В соседнем Азербайджане такую же вертикаль поддерживают государство и мощная фигура шейх-уль-ислама Аллахшукюра Паша-заде. Любая попытка создать радикальную религиозную оппозицию государству или шейху жестко подавляется. Когда в бакинской мечети Абу-Бакр начали «мутить воду», в ней взорвались две гранаты, после чего ее на пару месяцев закрыли, а потом обложили постами полиции. Бунташное село Нардаран близ Баку в 2015 году и вовсе брали штурмом. Такая же стратегия применяется практически во всех странах Средней Азии – кроме Киргизии. И, в общем, она работает. Если бы она не применялась, в упомянутых государствах давно бы царили самые крайние силы, управляемые извне, а тамошняя элита, постсоветская и новая, вместе с оставшимся русским населением переместилась бы в Россию, а суперэлита – в Европу. Или сразу в иной мир.

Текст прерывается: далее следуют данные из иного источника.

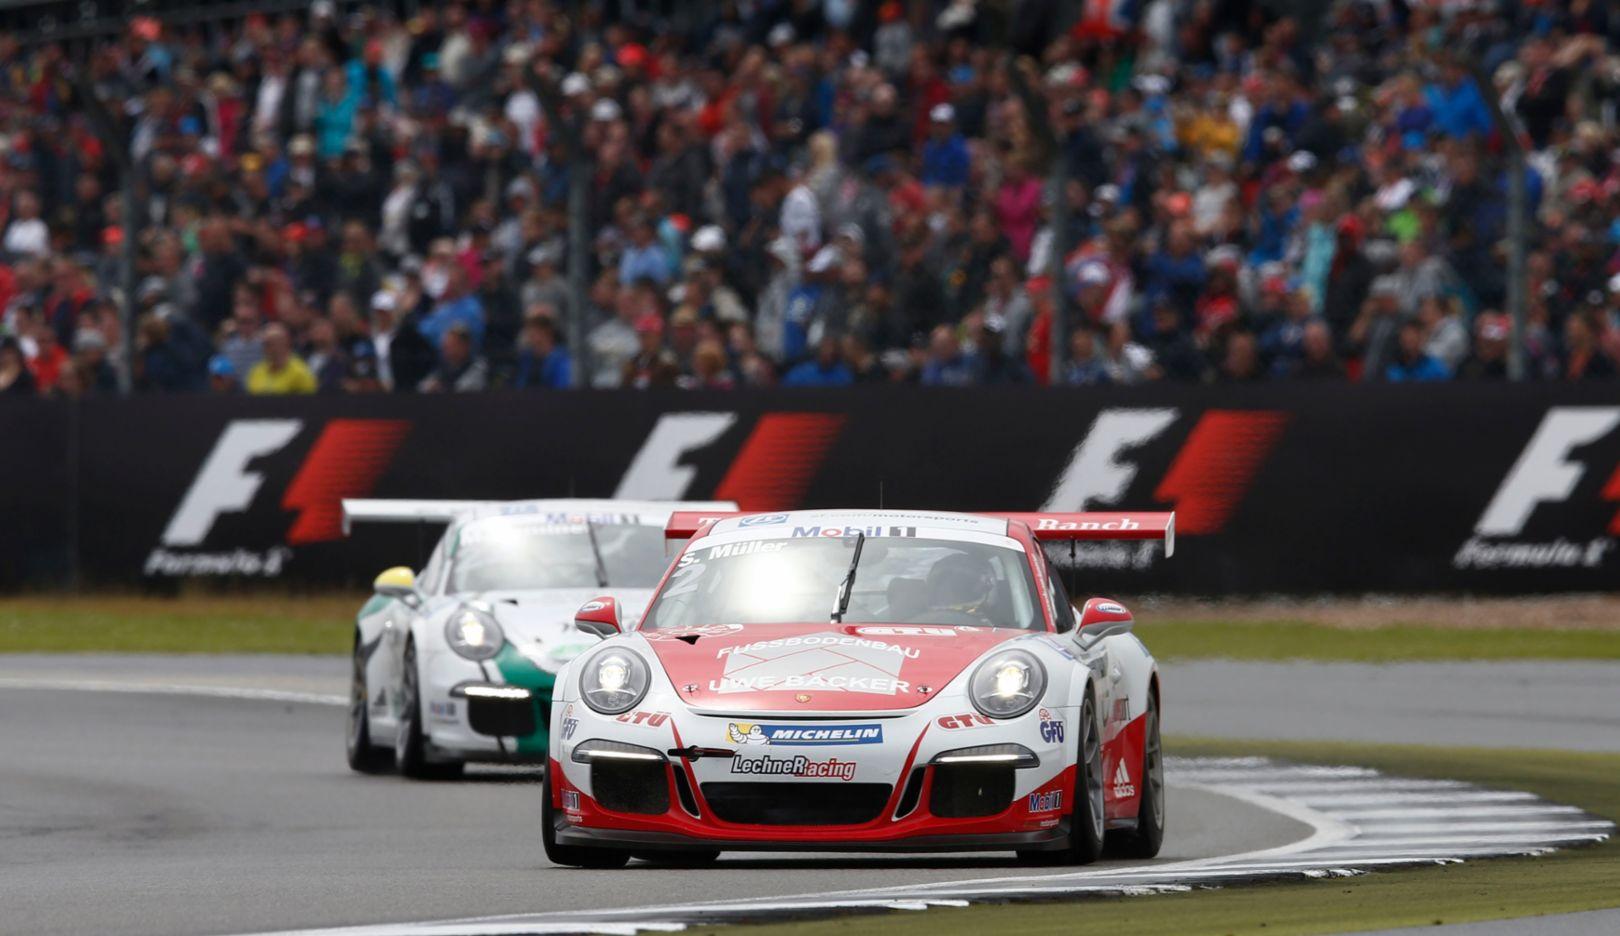 911 GT3 Cup, Porsche Mobil 1 Supercup, Silverstone, 2016, Porsche AG

Отвергая любые попытки смешения вер или приведения разных религий к «общему знаменателю» секулярных ценностей или утилитарной земной пользы, мы остаемся открыты к взаимодействию, и такое взаимодействие в течение многих веков поддерживаем. Мы прекрасно знаем, как мусульмане, которые являются неотъемлемой частью России, отстаивали интересы Отечества и в периоды сложных исторических перипетий, и во время войн, и во время мирного строительства, и тогда, когда страна поднималась, восстанавливалась, возрождалась после лихолетий смут и браней. Православные христиане и мусульмане в России всегда были вместе, и так происходило в значительной степени потому, что православная цивилизация и цивилизация ислама имеют во многом близкие – часто общие, попросту одинаковые нравственные ценности. <…>
И православные христиане, и мусульмане сегодня вместе противостоят террору и экстремизму, который прикрывается религией. Известно, что лидеры традиционных исламских общин России стоят на переднем крае борьбы с псевдоисламским экстремизмом. Многие из этих лидеров оказывались жертвами такой борьбы, многие из них постоянно получают угрозы, но эти люди, как, уверен, и большинство российских мусульман, понимают, что сегодня угроза псевдорелигиозного, псевдоисламского экстремизма и терроризма – это одна из самых страшных угроз и для всего мира, и для России, и для общего исторического пространства, которое объединяло веками и сегодня объединяет многие народы, которое включает страны Центральной Азии, сегодня испытывающие наиболее серьезную угрозу со стороны экстремистов и террористов. <…>
У нас общие – или по крайней мерее очень близкие – представления о том, как должно быть устроено право в его философском и мировоззренческом основании. Мы говорим, что право – это не только общественный договор, это не какие угодно нормы, которые придумали и по поводу которых договорились люди. Право должно отражать высшую Божию правду. Если закон этой высшей Божией правде противоречит, если он отвергает, разрушает заложенные Богом в природу человека этические нормы, он перестает быть законом, он становится беззаконием. Такое суждение, конечно же, неприемлемо для тех, кто считает, что право – это все что угодно, если люди об этом чем-то договорились, а потом проголосовали за это. Тем не менее, мы продолжаем настаивать на том, что Богом данная мораль, Богом данная правда должны быть первейшим основанием права. И в этом голос православных христиан и мусульман очень созвучен.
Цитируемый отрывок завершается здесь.